= PROBLEM TO SOLVE =
The answer should hold every line of the listing, unchanged and free of images.

= EXERCISE DATA =

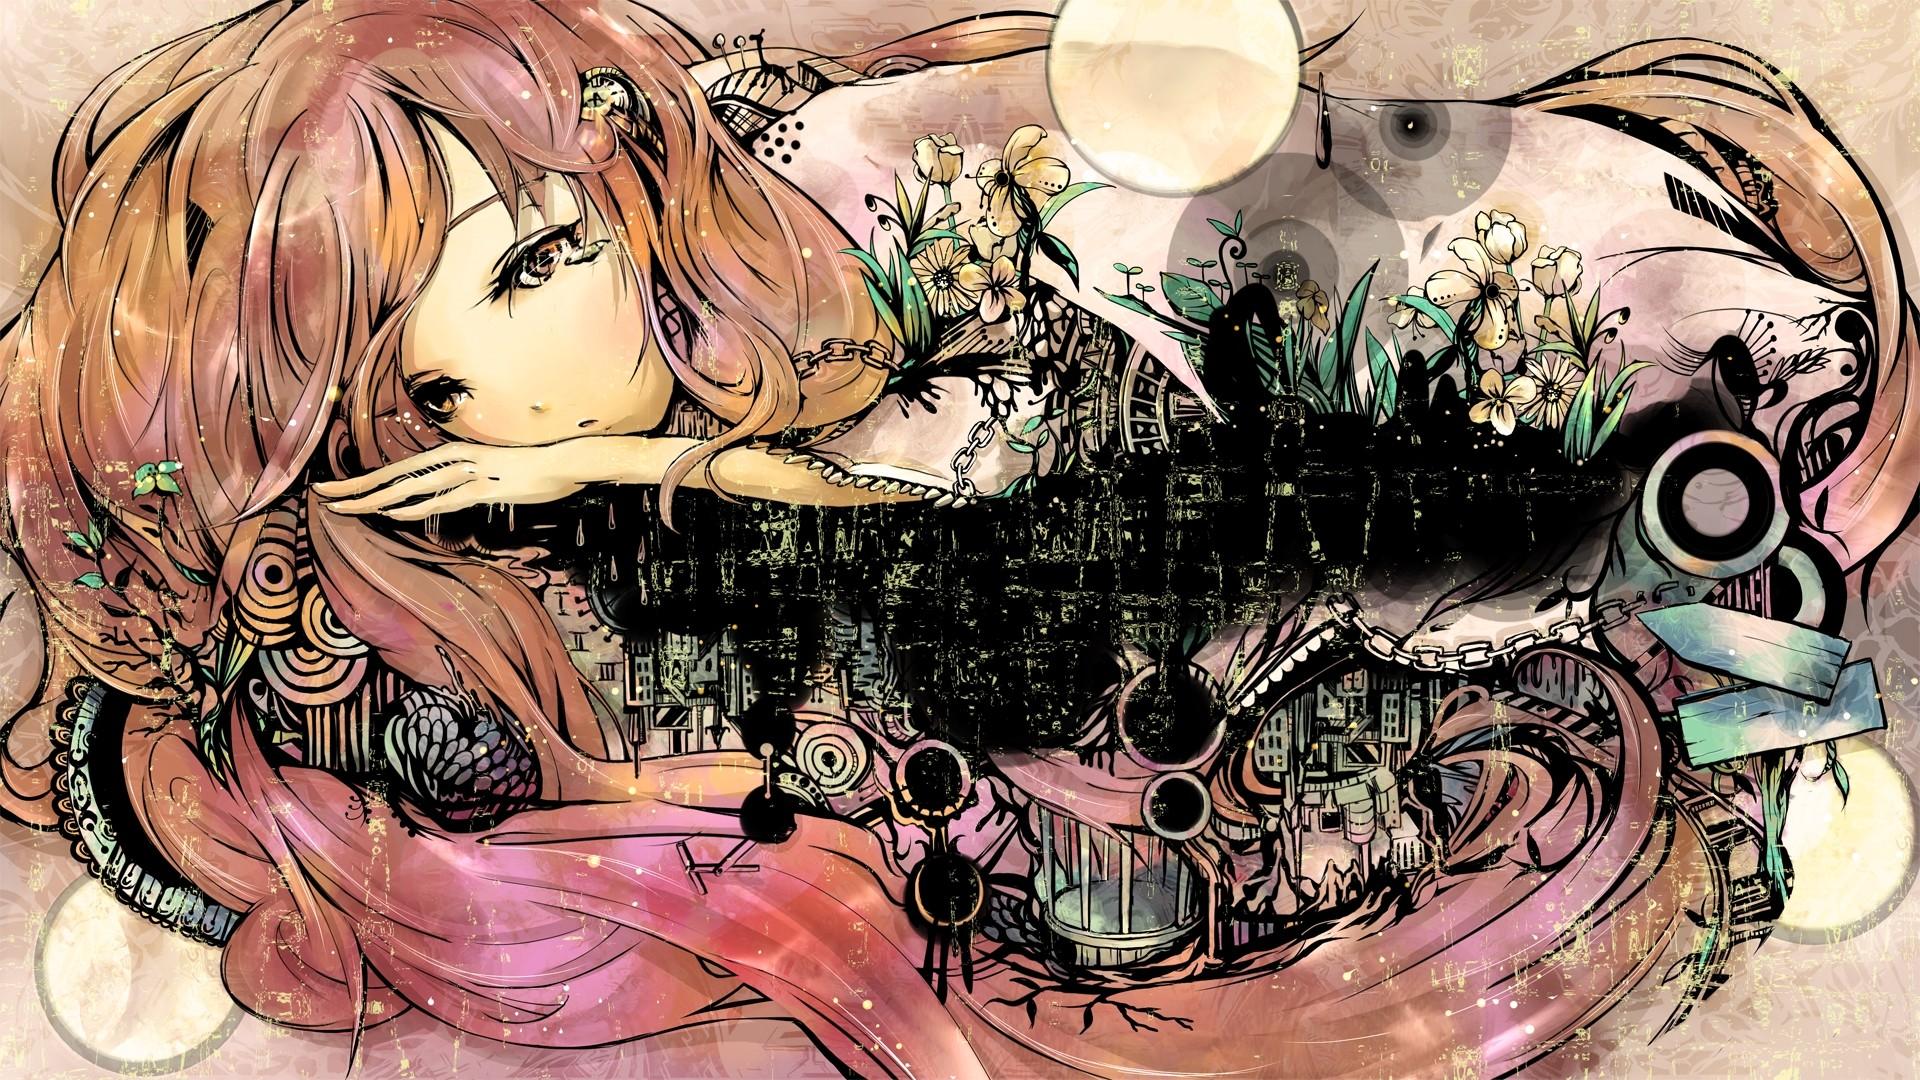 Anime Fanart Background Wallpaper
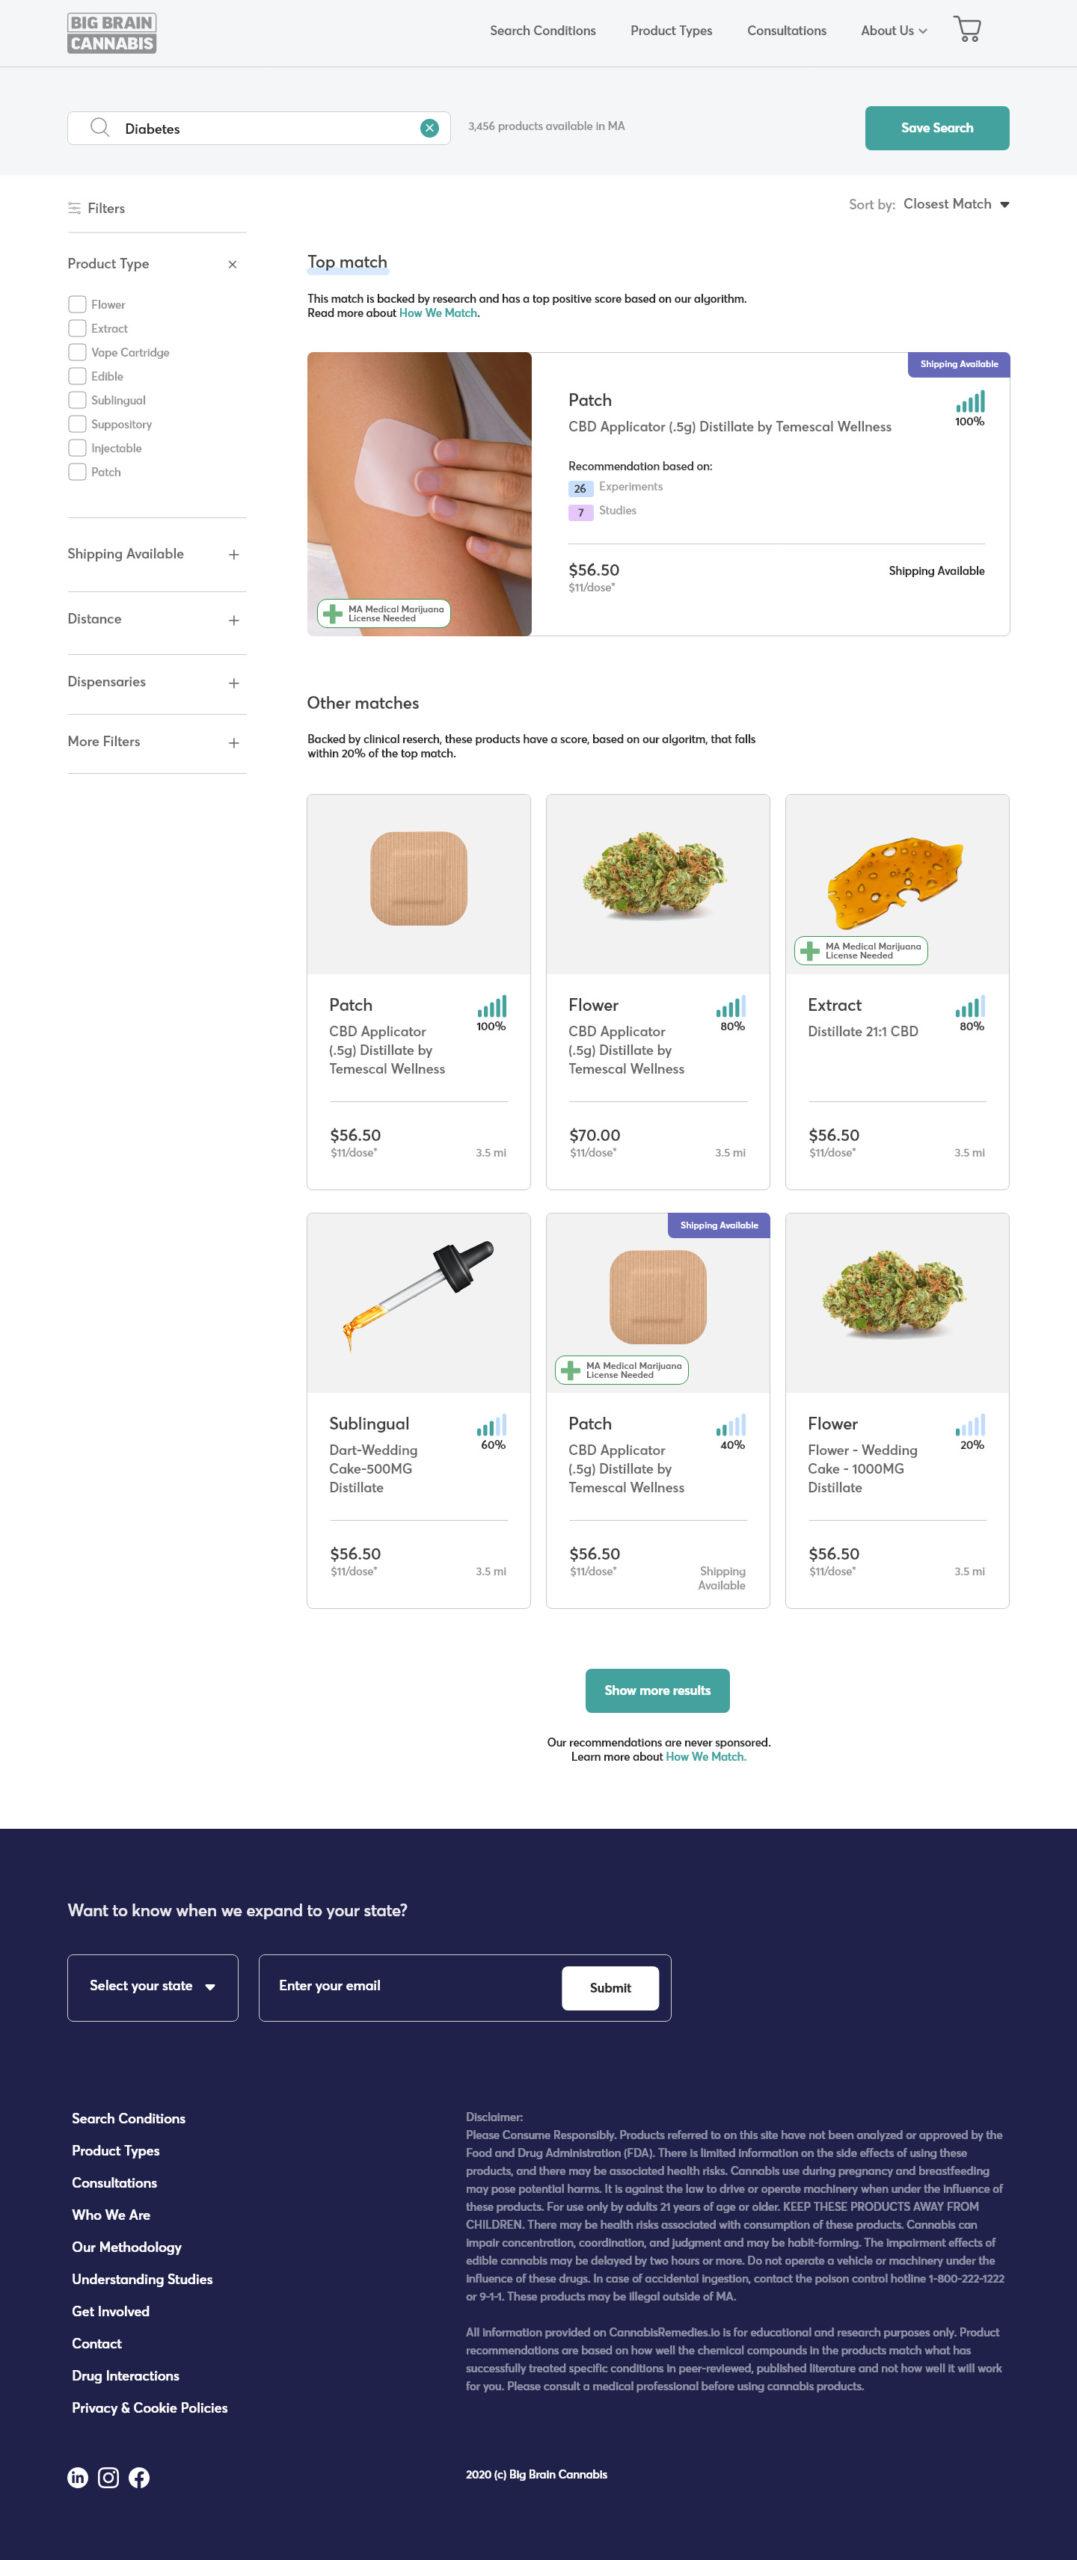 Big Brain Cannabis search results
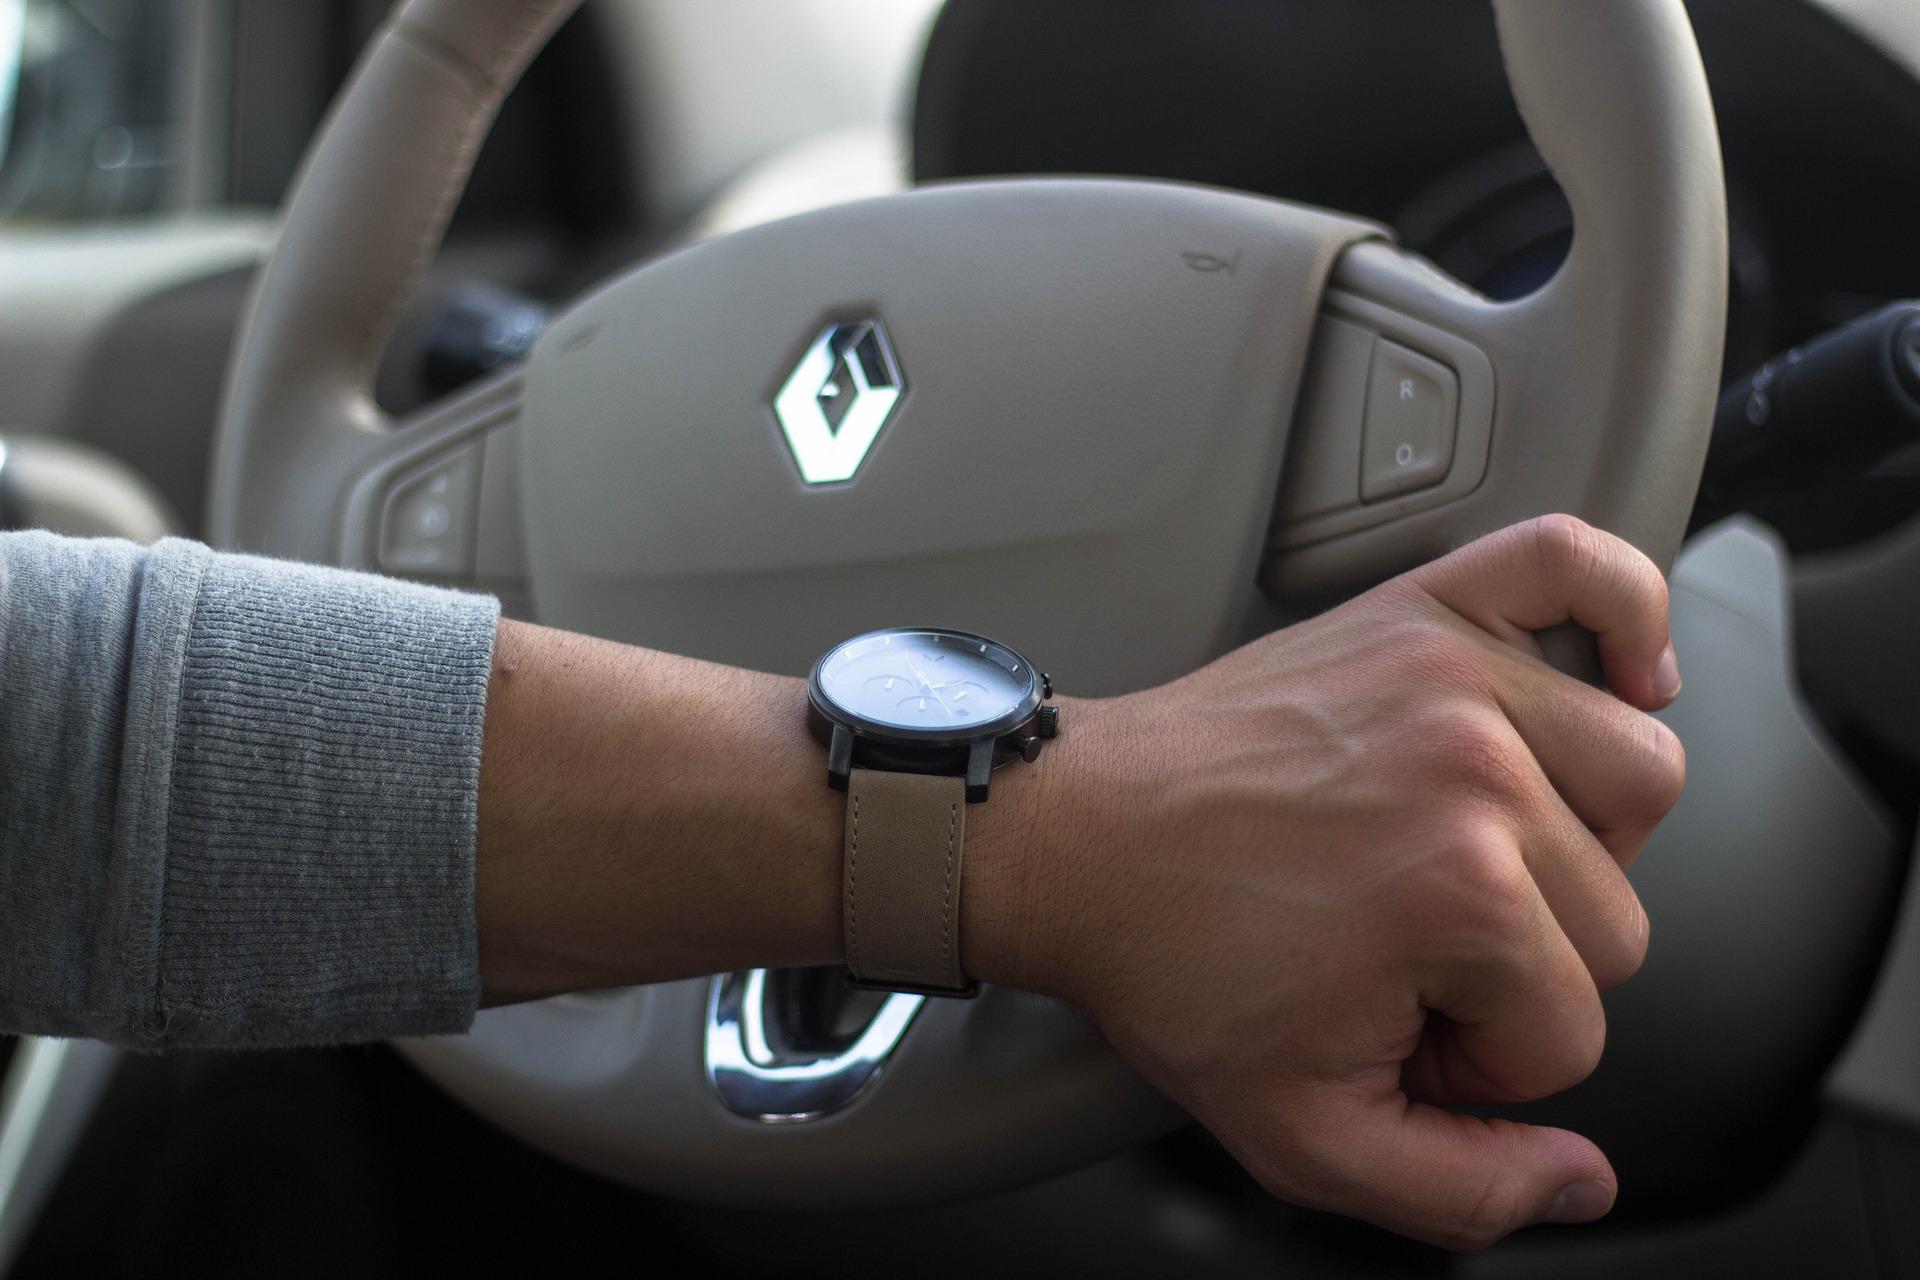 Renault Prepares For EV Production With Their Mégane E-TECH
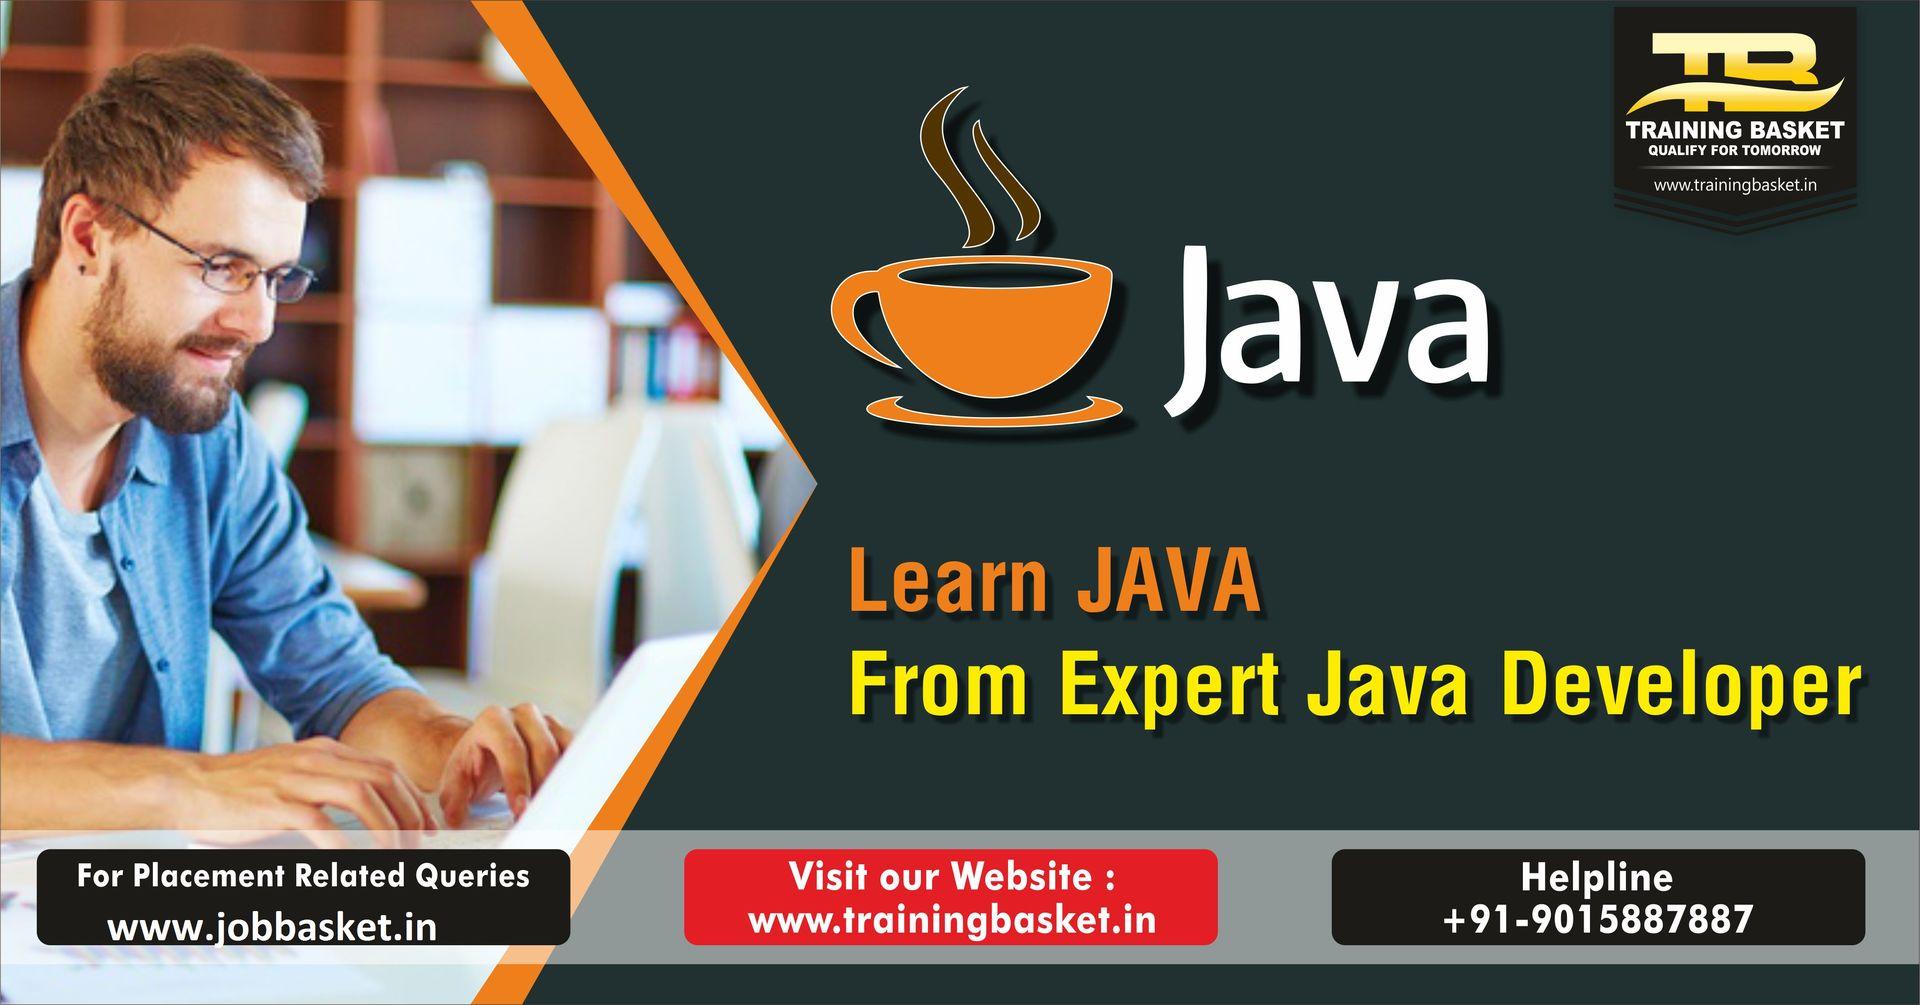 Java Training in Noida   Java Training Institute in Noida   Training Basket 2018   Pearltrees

= TASK SOLUTION =
 Anime Fanart Background Wallpaper
 Big Brain Cannabis search results
 Renault Prepares For EV Production With Their Mégane E-TECH
 Java Training in Noida   Java Training Institute in Noida   Training Basket 2018   Pearltrees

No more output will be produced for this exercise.